Mais cette logique peut fonctionner dans l’industrie et la production de biens manufacturés en flux tendu, quand il n’y a pas trop d’aléas. Dans une ferme, c’est différent. On doit faire face aux multiples aléas qu’implique le fait de travailler avec du vivant : une récolte dézinguée à cause la grêle ou d’une gelée, une maladie dans le troupeau, un rendement moindre à cause du manque de pluie…
Autre élément important : la mécanisation, la robotisation et la diminution de la main-d’œuvre agricole ne sont pas intervenues à tailles de fermes égales. Elles sont allées de pair avec l’agrandissement perpétuel des surfaces exploitées. Le paysan lambda bénéficie certes en théorie d’une technologie plus « performante », censée faciliter son travail… mais il a beaucoup plus d’hectares, ou d’animaux, sous sa responsabilité. Et certaines parcelles se trouvent désormais très loin de la ferme, ce qui implique des temps de trajet importants (à la vitesse d’un tracteur...) et des surcoûts de carburant. Tout cela annule en partie les gains liés aux économies d’échelle.

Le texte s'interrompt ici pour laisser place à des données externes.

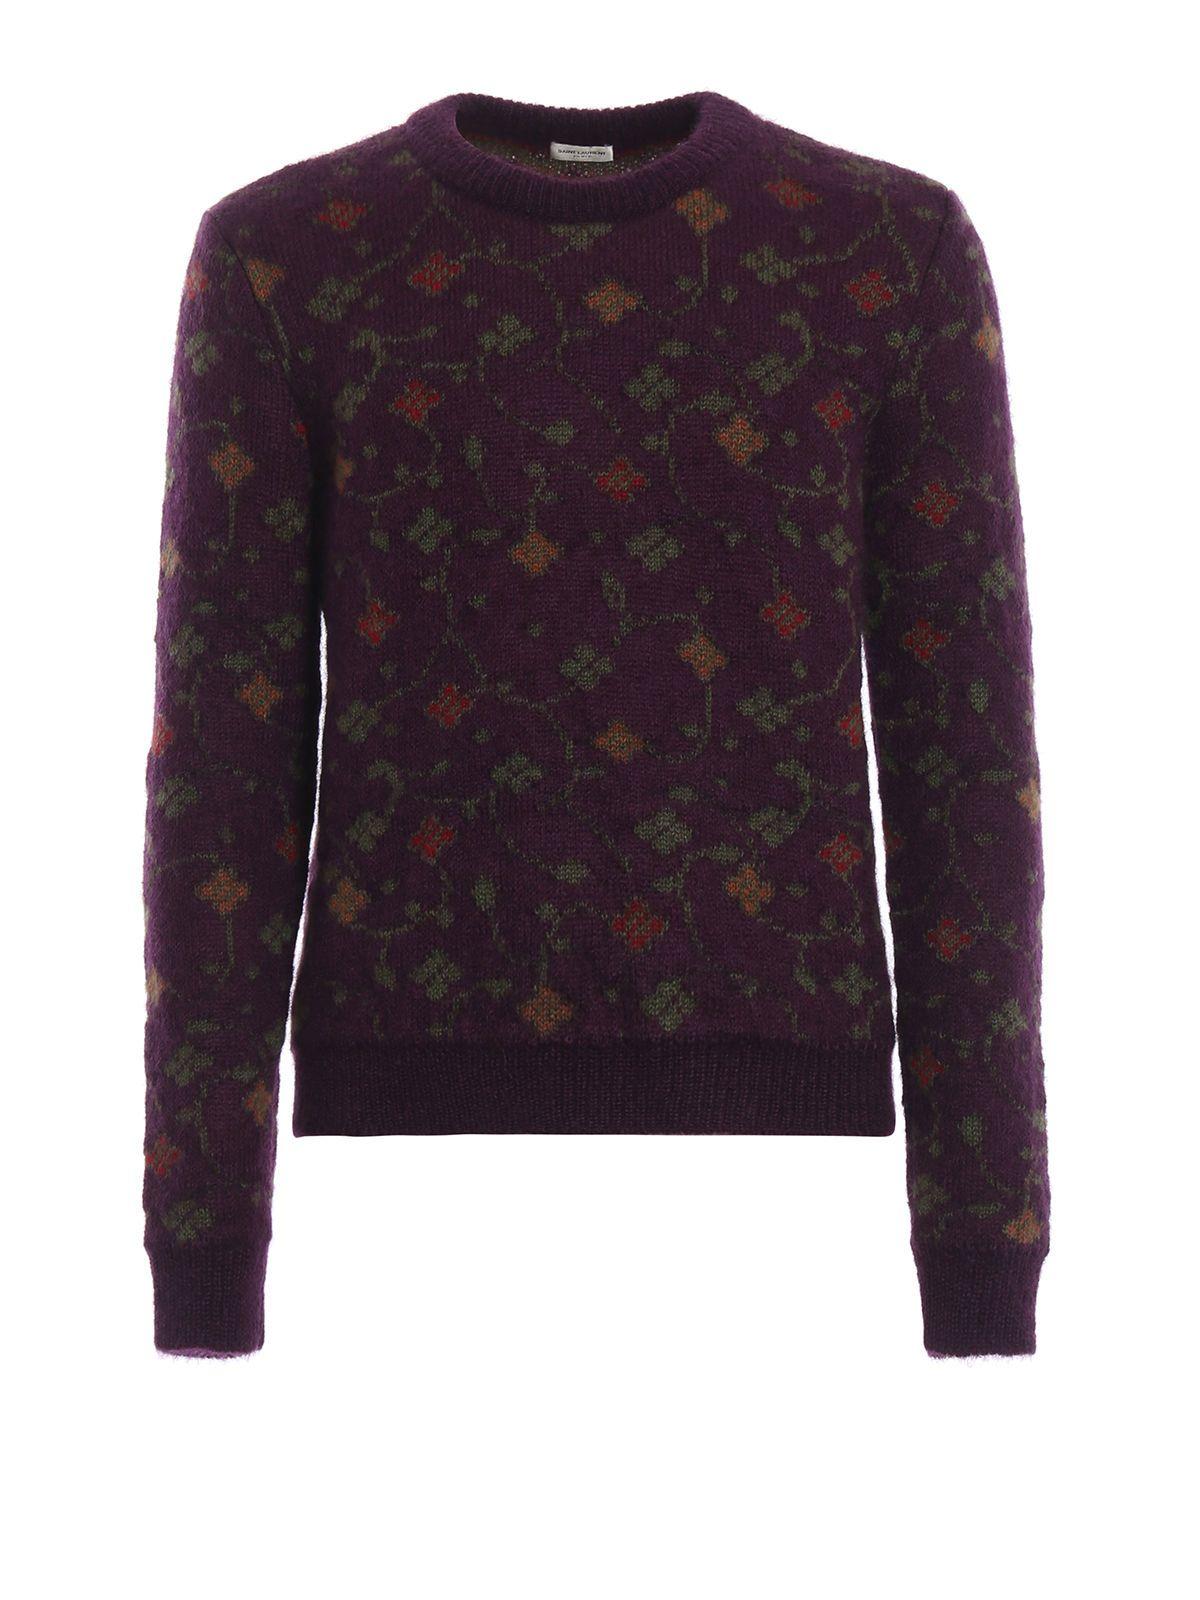 Saint Laurent Floral Intarsia Sweater

On se retrouve parfois dans l’impasse, car on a voulu appliquer des recettes industrielles à une chose qui ne l’est pas. On a voulu faire entrer de gros triangles dans des petits ronds. Ça a fonctionné pour certains, ceux qui étaient les mieux armés techniquement, avec un bon capital et les meilleures terres.
Les économies d’échelles sont a priori plus évidentes en élevage hors-sol « intégré », pour les éleveurs qui ne produisent pas l’alimentation de leurs animaux, mais l’achètent à des fournisseurs. Eux subissent moins les aléas qui peuvent impacter leurs récoltes. Mais ils sont par ailleurs soumis à l’évolution du prix des matières premières, aux fluctuations du marché ainsi qu’aux épizooties, comme la grippe aviaire, la peste porcine, etc.

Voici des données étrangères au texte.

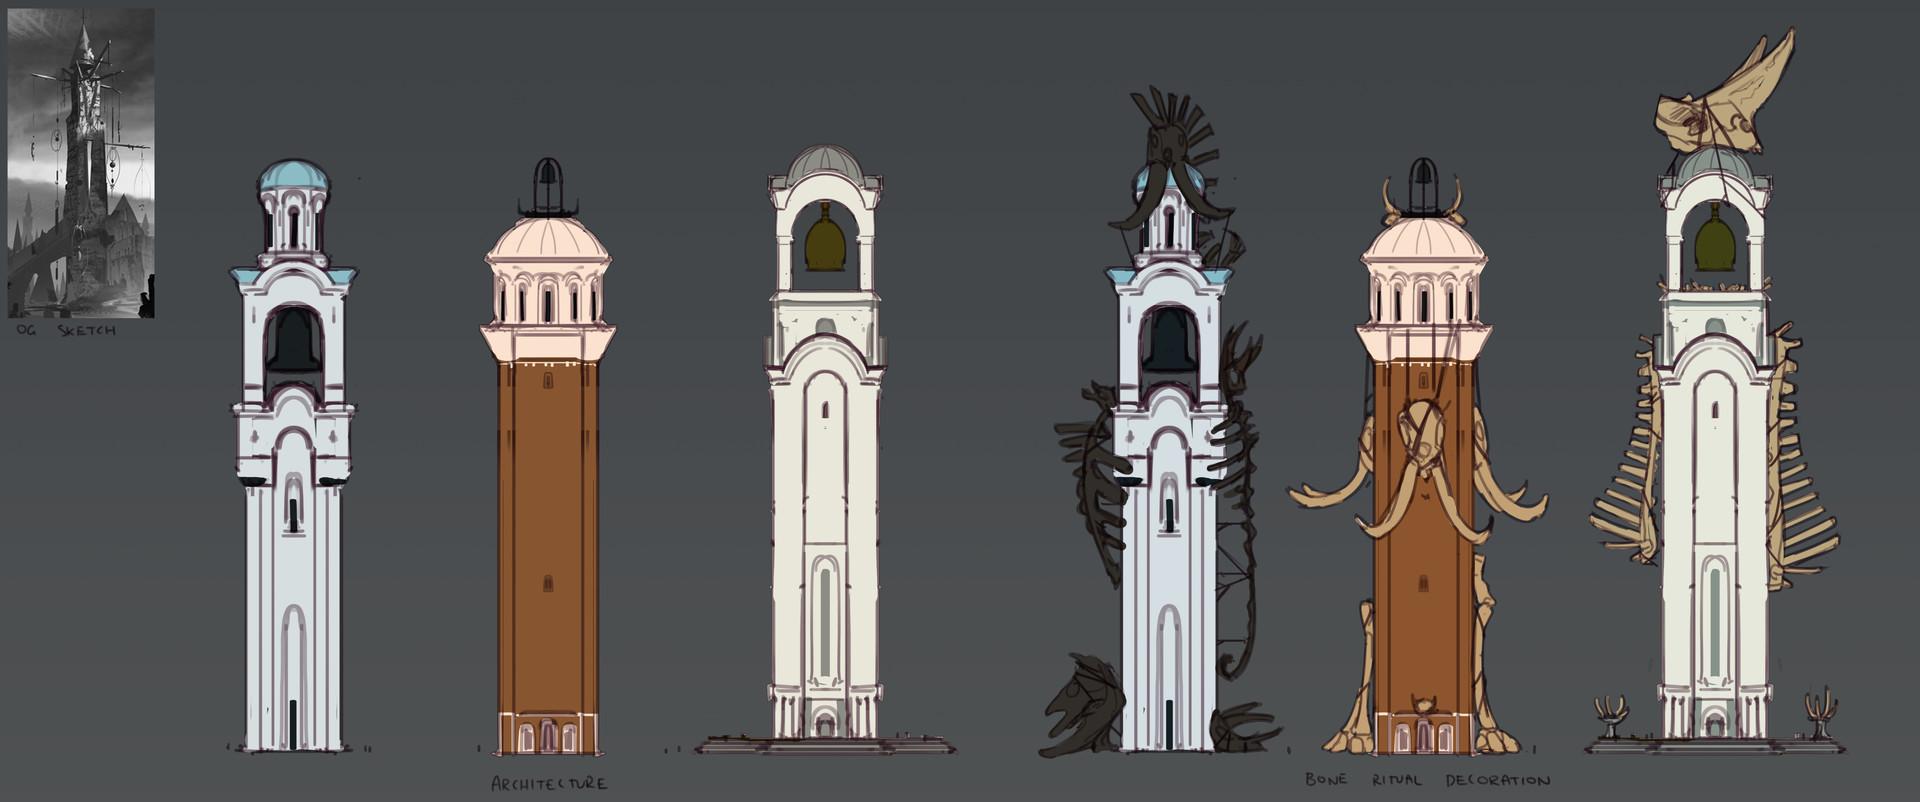 Nathan elmer necromancer tower

On peut aussi évoquer les problèmes fondamentaux posés par le « hors-sol »....
Effectivement. L’agriculture et l’élevage, qui dépendent intrinsèquement, quelle que soit la façon dont ils sont menés, de ressources et de paramètres liés à la terre, peuvent-ils durablement être pensés « hors-sol » ? Beaucoup d’élevages de porcs bretons utilisent du soja comme complément protéiné incorporé dans la ration des animaux.
Ce recours à de l’alimentation importée est encore plus important en élevage laitier, où les vaches sont de plus en plus souvent confinées dans des bâtiments (du fait de la robotisation des fermes). Or, il faut bien le produire quelque part, dans un « sol », ce soja ! En l’occurrence, il provient majoritairement d’Amérique, notamment du Brésil, où sa culture a des conséquences environnementales et sanitaires terribles, du fait du défrichage de l’Amazonie et de l’usage massif des pesticides.
L’un des éleveurs que j’ai rencontrés au fil de mon enquête, ex-champion de l’élevage porcin et aujourd’hui passé à autre chose, m’a dit « on rêvait avec cette histoire de hors-sol ». Les plus lucides à partir des années 2010 ont vu et ont commencé à dire ce qu’on dit avant eux les écologistes il y a trente ans.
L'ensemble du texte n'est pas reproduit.